O texto retrata uma família de classe média alta com expressivo poder econômico em que as relações humanas entre marido x mulher, pai x filhos são intermediadas pelo dinheiro. Não se sentem unidas pelo carinho, pelo afeto, evidenciando conflito entre o “ter” em detrimento do “ser”.As figuras (marido, mulher, filhos), como sujeitos do discurso, não apresentam nenhuma consciência da “formação discursiva” que legitima a alienação da realidade (mulher e filhos) ou a destruição dos outros (o corpo colorido de sangue). Cada leitor, inclusive você, pode atribuir esta formação discursiva à competição capitalista do mundo moderno, a um materialismo consumista do mundo contemporâneo.

Considerando a temática, a figura do marido pode representar o vazio existencial do homem moderno que descarrega as suas frustrações provocadas pela família ou pelo trabalho estressante numa agressividade gratuita no trânsito, na empresa ou nas ruas. Não é um comportamento típico de uma determinada classe social, mas de todos nós que vivemos em grandes metrópoles. Não se mata o outro somente quebrando os seus ossos com um carro possante, entretanto isto ocorre à medida que cada um demite o funcionário sem justa causa, fala mal do colega de trabalho ou demonstra indiferença às pessoas que nos rodeiam.

O texto não transmite somente informação, mas “efeitos de sentidos” historicamente constituídos pela linguagem como pelas condições de produção, compreendendo a situação da enunciação ( carros, jantar à francesa, novelas, noite) e o contexto histórico-social (século XX/XXI). Nem as pessoas, nem o que elas dizem são transparentes (literalidade), pois o sentido está no implícito. As figuras da mãe e dos filhos podem representar a alienação consumista do mundo capitalista, mas isto não está escrito no texto.

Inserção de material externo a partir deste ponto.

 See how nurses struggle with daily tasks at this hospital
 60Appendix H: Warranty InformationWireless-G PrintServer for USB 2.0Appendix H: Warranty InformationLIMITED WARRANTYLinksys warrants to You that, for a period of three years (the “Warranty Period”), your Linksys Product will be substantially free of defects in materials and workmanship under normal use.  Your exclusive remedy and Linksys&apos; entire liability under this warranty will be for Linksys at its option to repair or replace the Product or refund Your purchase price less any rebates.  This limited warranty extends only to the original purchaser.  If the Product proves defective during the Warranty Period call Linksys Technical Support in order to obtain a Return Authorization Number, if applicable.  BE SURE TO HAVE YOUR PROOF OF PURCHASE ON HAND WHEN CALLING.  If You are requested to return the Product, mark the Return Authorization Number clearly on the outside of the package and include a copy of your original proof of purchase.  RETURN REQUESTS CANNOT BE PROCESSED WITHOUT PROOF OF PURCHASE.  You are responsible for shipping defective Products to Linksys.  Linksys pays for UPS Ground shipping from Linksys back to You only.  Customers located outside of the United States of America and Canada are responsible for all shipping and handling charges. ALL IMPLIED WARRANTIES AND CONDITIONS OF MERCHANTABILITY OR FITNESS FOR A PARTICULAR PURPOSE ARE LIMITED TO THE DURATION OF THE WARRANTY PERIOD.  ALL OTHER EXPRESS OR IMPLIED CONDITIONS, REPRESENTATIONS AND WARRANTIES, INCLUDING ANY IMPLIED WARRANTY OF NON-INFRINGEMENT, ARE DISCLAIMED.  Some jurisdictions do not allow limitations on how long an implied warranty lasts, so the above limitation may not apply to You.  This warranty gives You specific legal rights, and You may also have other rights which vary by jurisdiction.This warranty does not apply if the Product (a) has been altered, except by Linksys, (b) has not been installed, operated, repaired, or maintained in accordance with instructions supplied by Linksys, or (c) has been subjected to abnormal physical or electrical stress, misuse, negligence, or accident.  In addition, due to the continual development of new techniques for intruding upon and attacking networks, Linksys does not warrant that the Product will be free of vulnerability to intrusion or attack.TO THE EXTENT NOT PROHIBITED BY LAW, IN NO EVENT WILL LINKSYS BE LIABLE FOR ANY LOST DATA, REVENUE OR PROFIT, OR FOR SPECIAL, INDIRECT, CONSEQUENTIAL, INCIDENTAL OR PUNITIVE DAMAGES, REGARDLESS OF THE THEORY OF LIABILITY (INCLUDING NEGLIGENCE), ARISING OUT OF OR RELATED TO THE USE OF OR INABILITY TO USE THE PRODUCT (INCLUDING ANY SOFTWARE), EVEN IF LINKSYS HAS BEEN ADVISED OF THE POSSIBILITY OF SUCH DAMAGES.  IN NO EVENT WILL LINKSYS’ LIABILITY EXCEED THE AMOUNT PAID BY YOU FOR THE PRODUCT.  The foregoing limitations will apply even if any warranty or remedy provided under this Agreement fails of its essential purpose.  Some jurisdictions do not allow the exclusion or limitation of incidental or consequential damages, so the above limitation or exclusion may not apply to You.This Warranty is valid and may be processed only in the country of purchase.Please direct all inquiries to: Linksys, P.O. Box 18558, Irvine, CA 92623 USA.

Enfim, a leitura discursiva leva o leitor para uma compreensão maior e melhor daquilo que está escrito no texto. A posição discursiva e ideológica do leitor influencia a construção do(s) sentido(s), o que pode ser comprovado com outras possibilidades interpretativas, como esta que acabamos de efetuar. Muito mais do que a interação, a sua posição ideológica interfere decisivamente na compreensão e interpretação de textos.